Safety In The Workshop


I am a sculptor and a full time ceramic artist for the past 50 years, and have my scars to prove it. my Doctor friend is always warning me that the more experience the craftsman, the more likely he or she is to make mistakes.

This article was prompted by two recent incidents, a personal experience and a discussion this morning with a skilled and experienced carpenter.

Tools and equipment in this modern day has become more powerful, efficient, time saving and dangerous. Gone are the days of the mallet and chisel for the wood carver; There are now many powerful electric tools on the market and they are getting better and more dangerous.

My most recent experience was with a carving tool powered by a high speed angle grinder, which slid off the wood and nicked the top of my big thumb; the accident could have been worse, but the treatment from my wife was enough to avoid a visit to a doctor or hospital.

Don’t work with dangerous tools when you are tired.

I was working every day for 6 hours a day without a break, on this day I was felling tired and did remark to the wife that I was feeling tired and should take a day off; But I did not listen to my body and went into the studio and was carving with a dangerous high-speed tool which nicked the thumb after two earlier warnings, two slight nicks on the leg.

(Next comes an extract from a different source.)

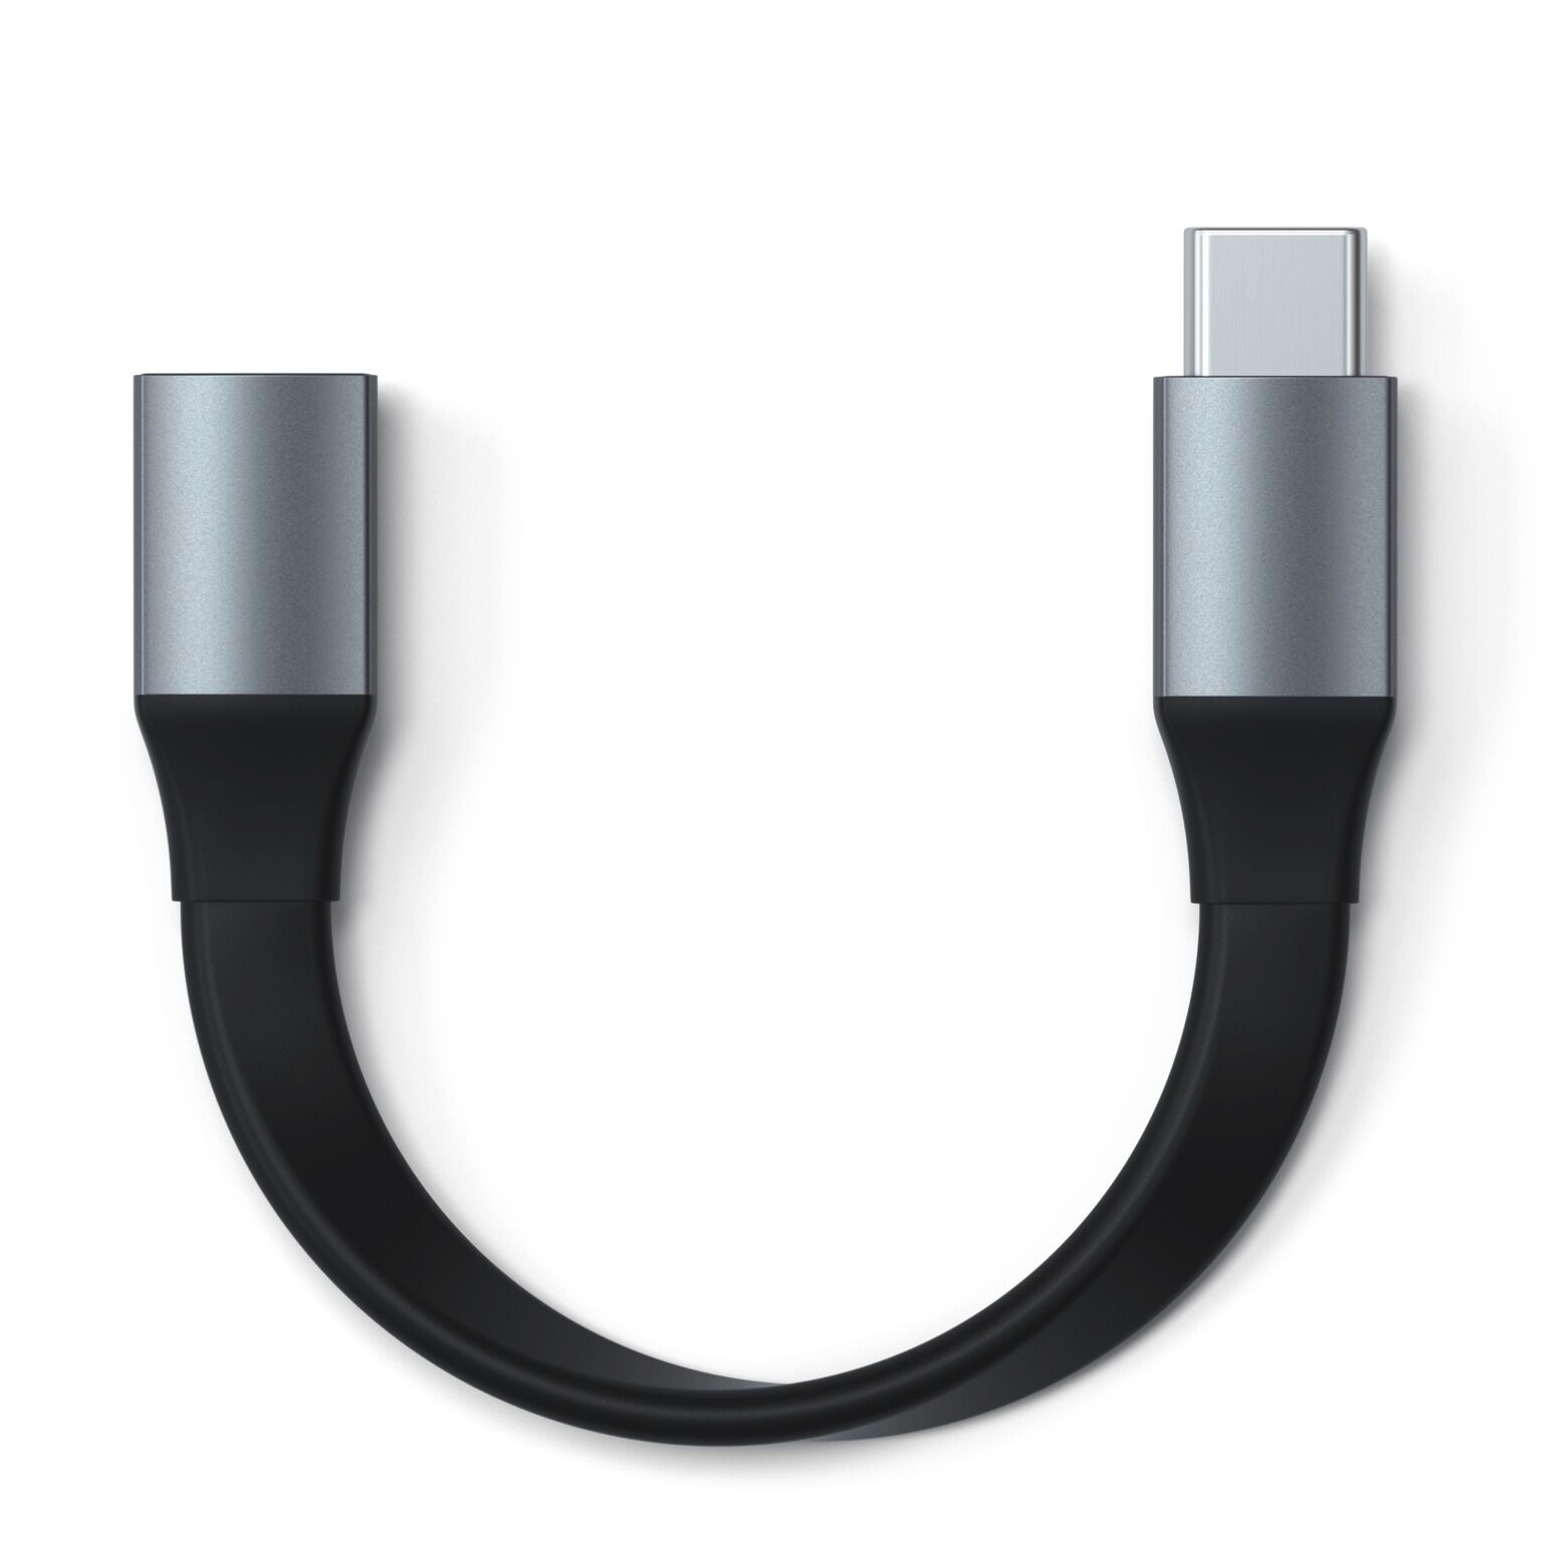 Image of Satechi - (13cm) USB C auf USB C Verlängerungskabel Adapter (ST-TCECM) - Space Grau bei Apfelkiste.ch

On a previous occasion; I had just returned to working in the studio after a stroke, My doctor warned me about using my tools so early in recovery; but I did go back to work, and would normally stop when my right hand got tired and weak. On one particular day I ignored the signs until the spinning grinder fell out of my tired and weak hand and caused 11 stitches on the inside of my leg, missing you know what by two inches.

The moral of the story is, do not use dangerous electrical tools when you are feeling tired.,

My friend was driving me to a building site when I noticed the top of his left thumb was missing. Incidentally it was my left thumb also that was nicked.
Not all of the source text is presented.